Information shown

+++++

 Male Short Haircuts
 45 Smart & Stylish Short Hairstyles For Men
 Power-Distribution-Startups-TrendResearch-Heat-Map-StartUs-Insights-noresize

+++++

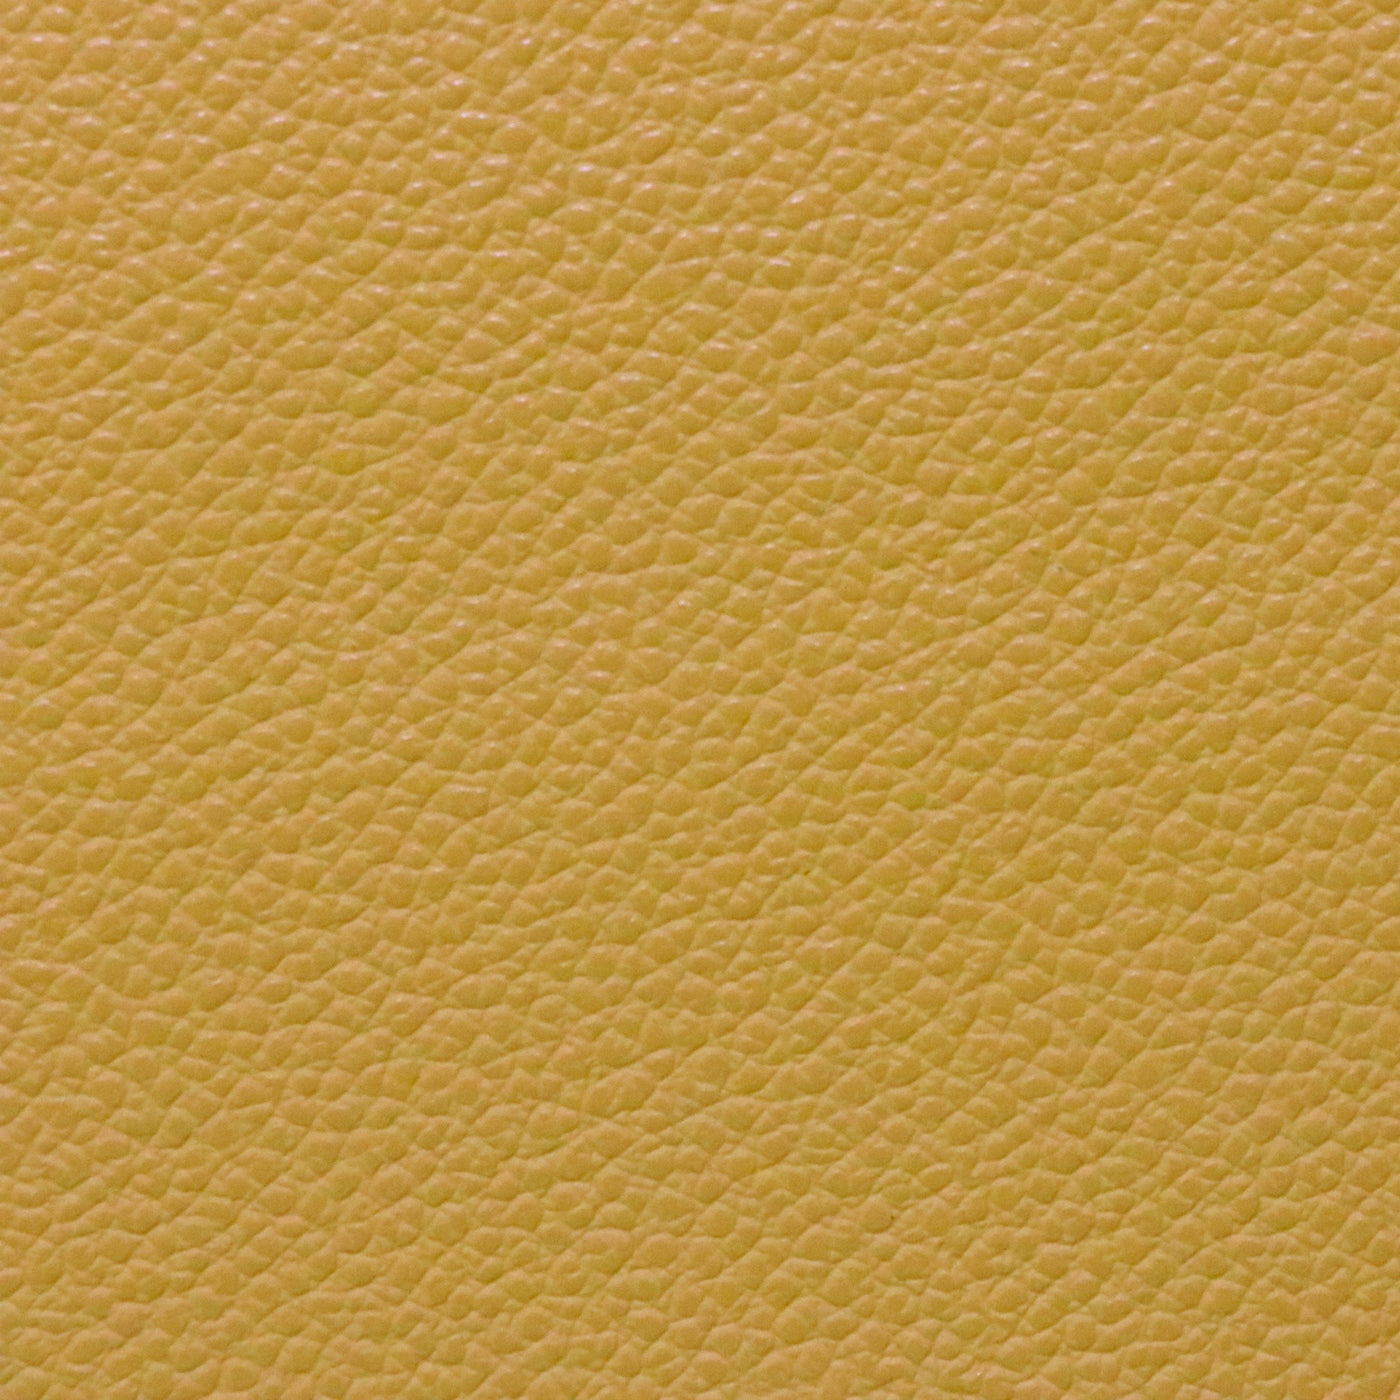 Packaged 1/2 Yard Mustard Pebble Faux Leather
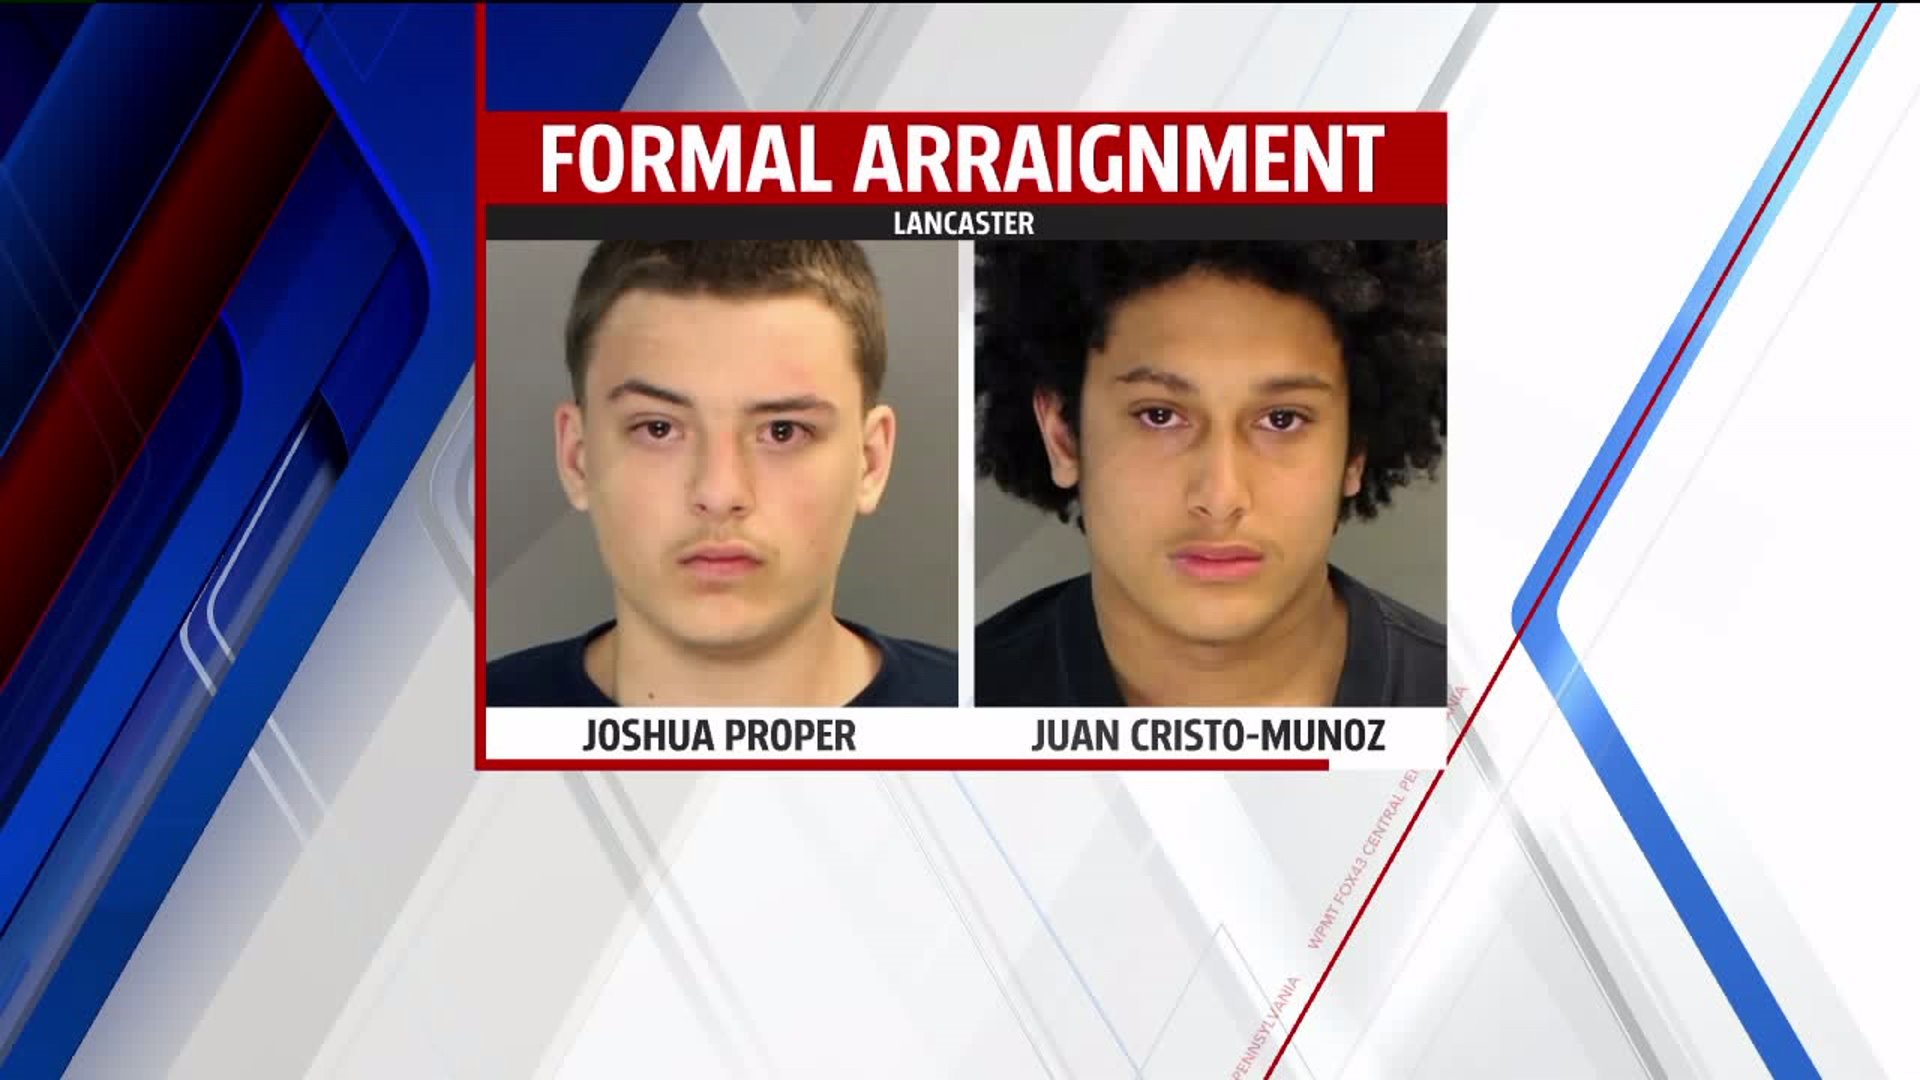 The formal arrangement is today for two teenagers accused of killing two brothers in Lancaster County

+++++

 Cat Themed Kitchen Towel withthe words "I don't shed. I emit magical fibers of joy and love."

+++++

Task goal
Filter the records above and return every line that holds the word "Short".

Exercise response
 Male Short Haircuts
 45 Smart & Stylish Short Hairstyles For Men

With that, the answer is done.